Integrand size = 15, antiderivative size = 189 \[ \int \frac {x^{5/2}}{\left (a+b x^2\right )^3} \, dx=-\frac {x^{3/2}}{4 b \left (a+b x^2\right )^2}+\frac {3 x^{3/2}}{16 a b \left (a+b x^2\right )}-\frac {3 \arctan \left (1-\frac {\sqrt {2} \sqrt [4]{b} \sqrt {x}}{\sqrt [4]{a}}\right )}{32 \sqrt {2} a^{5/4} b^{7/4}}+\frac {3 \arctan \left (1+\frac {\sqrt {2} \sqrt [4]{b} \sqrt {x}}{\sqrt [4]{a}}\right )}{32 \sqrt {2} a^{5/4} b^{7/4}}-\frac {3 \text {arctanh}\left (\frac {\sqrt {2} \sqrt [4]{a} \sqrt [4]{b} \sqrt {x}}{\sqrt {a}+\sqrt {b} x}\right )}{32 \sqrt {2} a^{5/4} b^{7/4}} \] Output:
-1/4*x^(3/2)/b/(b*x^2+a)^2+3/16*x^(3/2)/a/b/(b*x^2+a)-3/64*arctan(1-2^(1/2 )*b^(1/4)*x^(1/2)/a^(1/4))*2^(1/2)/a^(5/4)/b^(7/4)+3/64*arctan(1+2^(1/2)*b ^(1/4)*x^(1/2)/a^(1/4))*2^(1/2)/a^(5/4)/b^(7/4)-3/64*arctanh(2^(1/2)*a^(1/ 4)*b^(1/4)*x^(1/2)/(a^(1/2)+b^(1/2)*x))*2^(1/2)/a^(5/4)/b^(7/4)
Time = 0.30 (sec) , antiderivative size = 136, normalized size of antiderivative = 0.72 \[ \int \frac {x^{5/2}}{\left (a+b x^2\right )^3} \, dx=\frac {-\frac {4 \sqrt [4]{a} b^{3/4} x^{3/2} \left (a-3 b x^2\right )}{\left (a+b x^2\right )^2}-3 \sqrt {2} \arctan \left (\frac {\sqrt {a}-\sqrt {b} x}{\sqrt {2} \sqrt [4]{a} \sqrt [4]{b} \sqrt {x}}\right )-3 \sqrt {2} \text {arctanh}\left (\frac {\sqrt {2} \sqrt [4]{a} \sqrt [4]{b} \sqrt {x}}{\sqrt {a}+\sqrt {b} x}\right )}{64 a^{5/4} b^{7/4}} \] Input:
Integrate[x^(5/2)/(a + b*x^2)^3,x]
Output:
((-4*a^(1/4)*b^(3/4)*x^(3/2)*(a - 3*b*x^2))/(a + b*x^2)^2 - 3*Sqrt[2]*ArcT an[(Sqrt[a] - Sqrt[b]*x)/(Sqrt[2]*a^(1/4)*b^(1/4)*Sqrt[x])] - 3*Sqrt[2]*Ar cTanh[(Sqrt[2]*a^(1/4)*b^(1/4)*Sqrt[x])/(Sqrt[a] + Sqrt[b]*x)])/(64*a^(5/4 )*b^(7/4))

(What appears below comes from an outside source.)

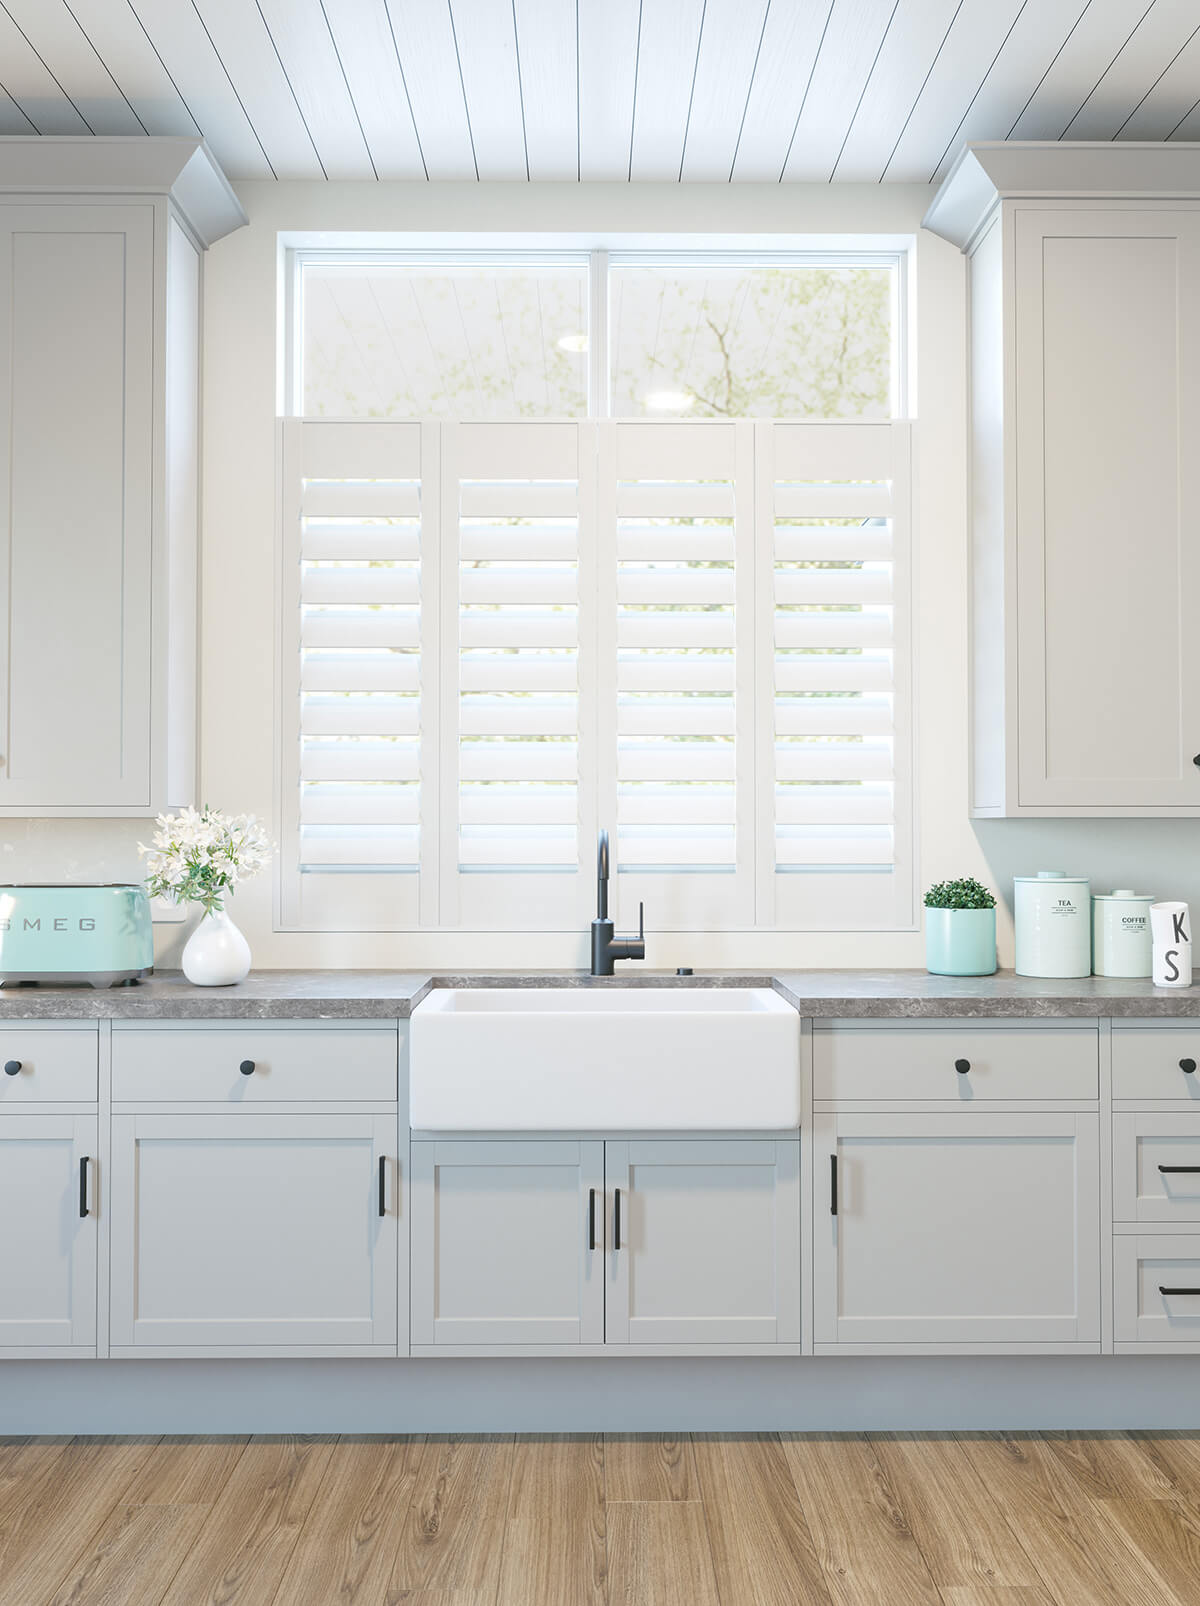 Suppliers of Customizable Plantation Shutters Designs UK

Time = 0.42 (sec) , antiderivative size = 270, normalized size of antiderivative = 1.43, number of steps used = 12, number of rules used = 11, \(\frac {\text {number of rules}}{\text {integrand size}}\) = 0.733, Rules used = {252, 253, 266, 826, 1476, 1082, 217, 1479, 25, 27, 1103}
Below are the steps used by Rubi to obtain the solution. The rule number used for the transformation is given above next to the arrow. The rules definitions used are listed below.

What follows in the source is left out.